Calculate Shannon Entropy Value For String

Calculate the Shannon Entropy value for string in a field using the shannonEntropy() function

Query

flowchart LR; %%{init: {"flowchart": {"defaultRenderer": "elk"}} }%% repo{{Events}} 0>Augment Data] result{{Result Set}} repo --> 0 0 --> result
logscale
entropy := shannonEntropy(dns_name)

Introduction

The shannonEntropy() function can be used to calculate a shannon entropy value of a string. Entropy measurement provides aspects about data patterns and randomness.

In this example, the shannonEntropy() function is used to calculate the shannon entropy value for the string example.com in the field dns_name. The shannon entropy value is used to measure randomness/unpredictability in data.
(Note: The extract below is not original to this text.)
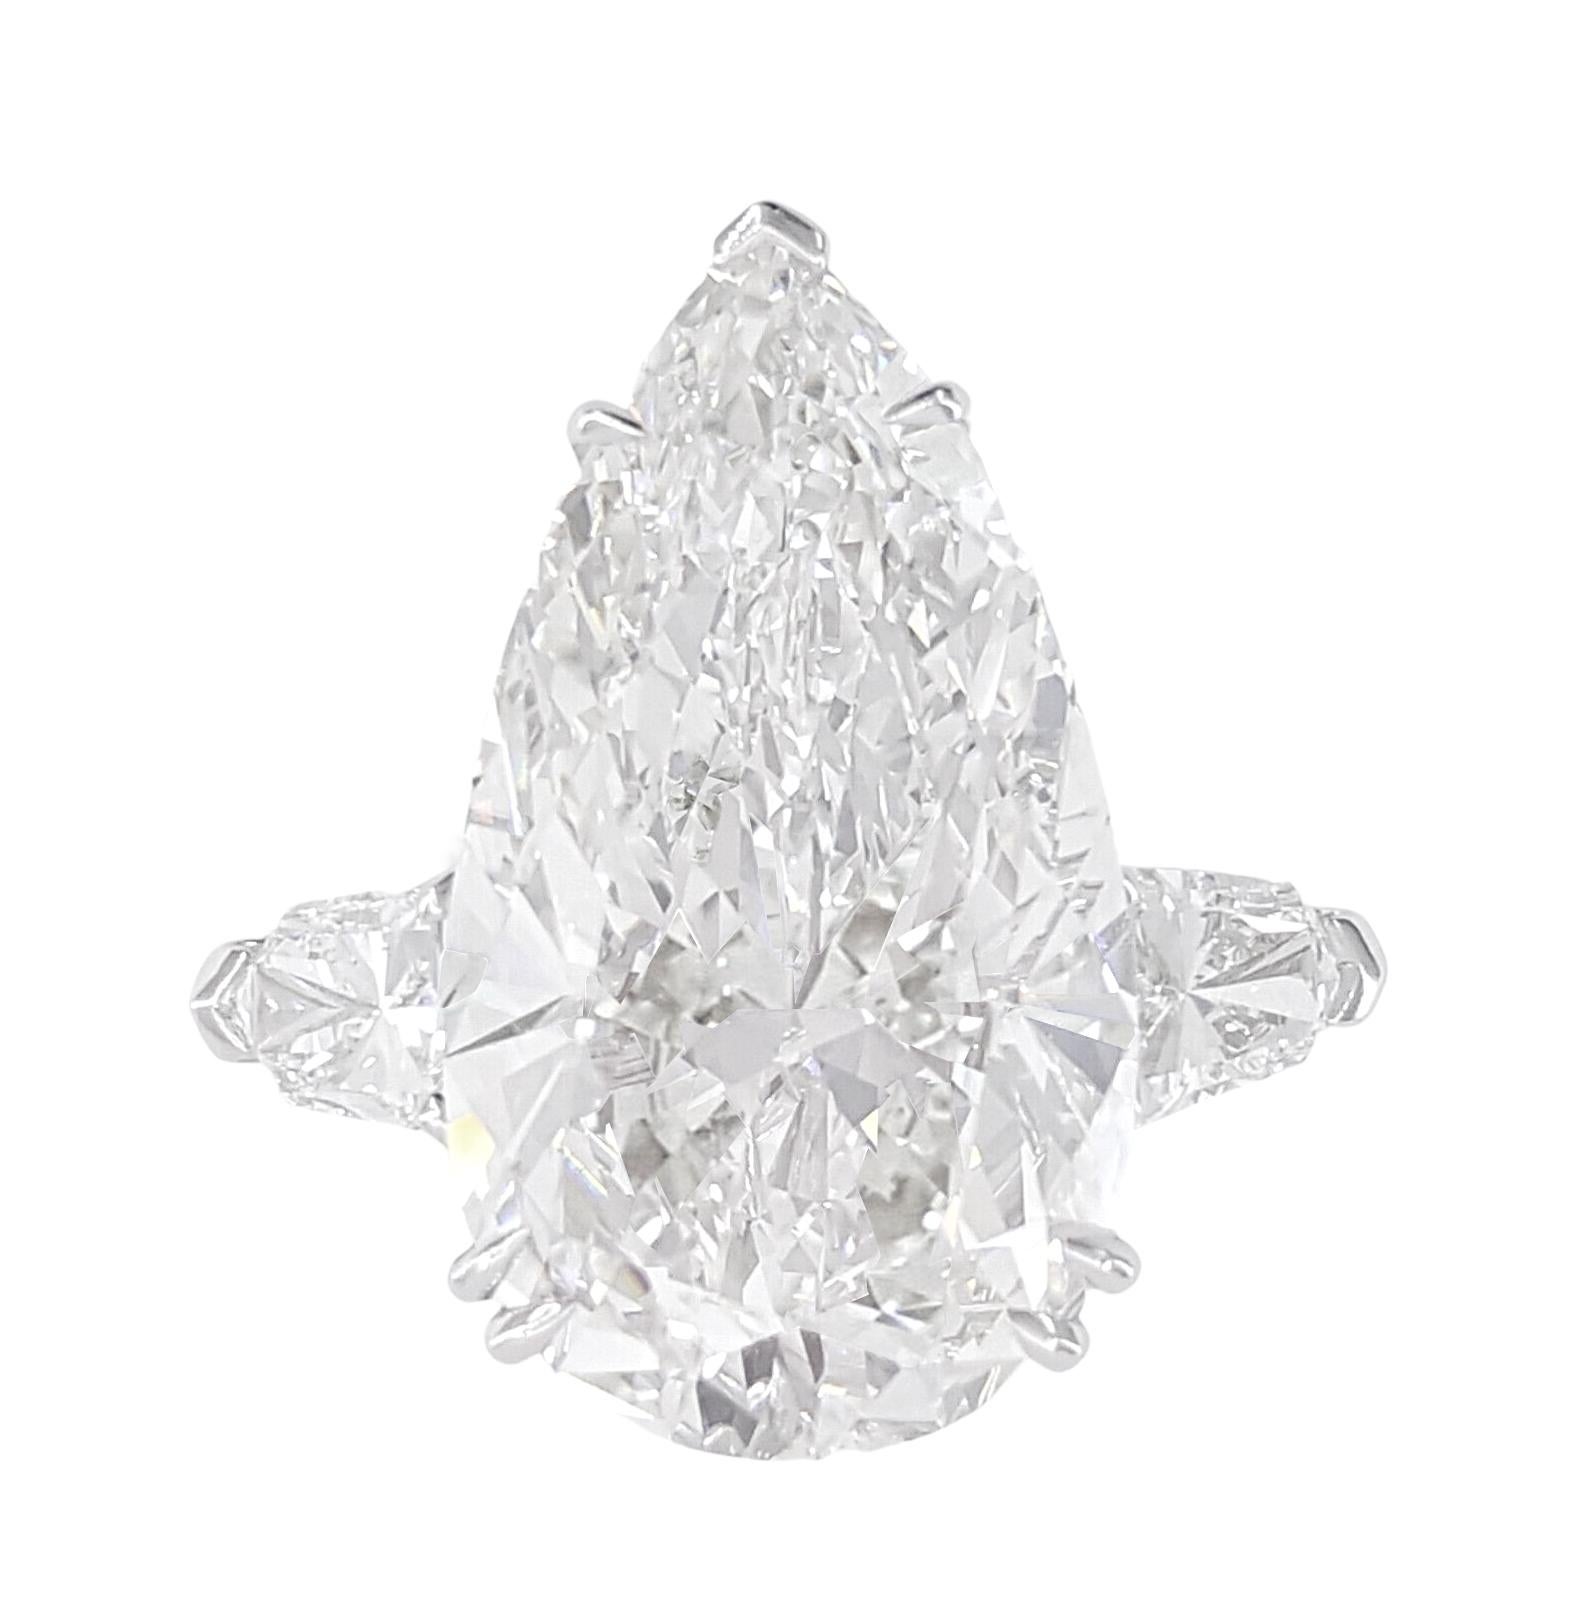 exquisiter 3,90-Karat-Diamantring im Birnenschliff, ein wahres Zeugnis zeitloser Eleganz und unvergleichlicher Handwerkskunst. Jede Facette dieses faszinierenden Edelsteins wurde von GIA sorgfältig geprüft und zertifiziert, um seine Echtheit und

Example incoming data might look like this:

dns_name
example.com

Step-by-Step

  1. Starting with the source repository events.

  2. flowchart LR; %%{init: {"flowchart": {"defaultRenderer": "elk"}} }%% repo{{Events}} 0>Augment Data] result{{Result Set}} repo --> 0 0 --> result style 0 fill:#ff0000,stroke-width:4px,stroke:#000;
    logscale
    entropy := shannonEntropy(dns_name)

    Calculates the shannon entropy value of the field dns_name, and returns the result in a field named entropy.

  3. Event Result set.

Summary and Results

The query is used to calculate the shannon entropy value for the string in a field. In this example, the returned value for example.com is 3.095795. Shannon entropy values typically range from 0 to ~8. The lower the value is, the more predictable strings. The higher the value is, the more random strings.

The shannon entropy calculation is primarily used in security analysis and threat detection scenarios to identify, for example, randomly generated malware filenames or expected distribution of characters in a domain name.

Sample output from the incoming example data:

entropy
3.095795

The value 3.095795 is considered medium level and is typical for normal domain names.

Note that the shannon value alone is not conclusive, context also matters. Use the value for further filtering or combine it with other aggregate functions.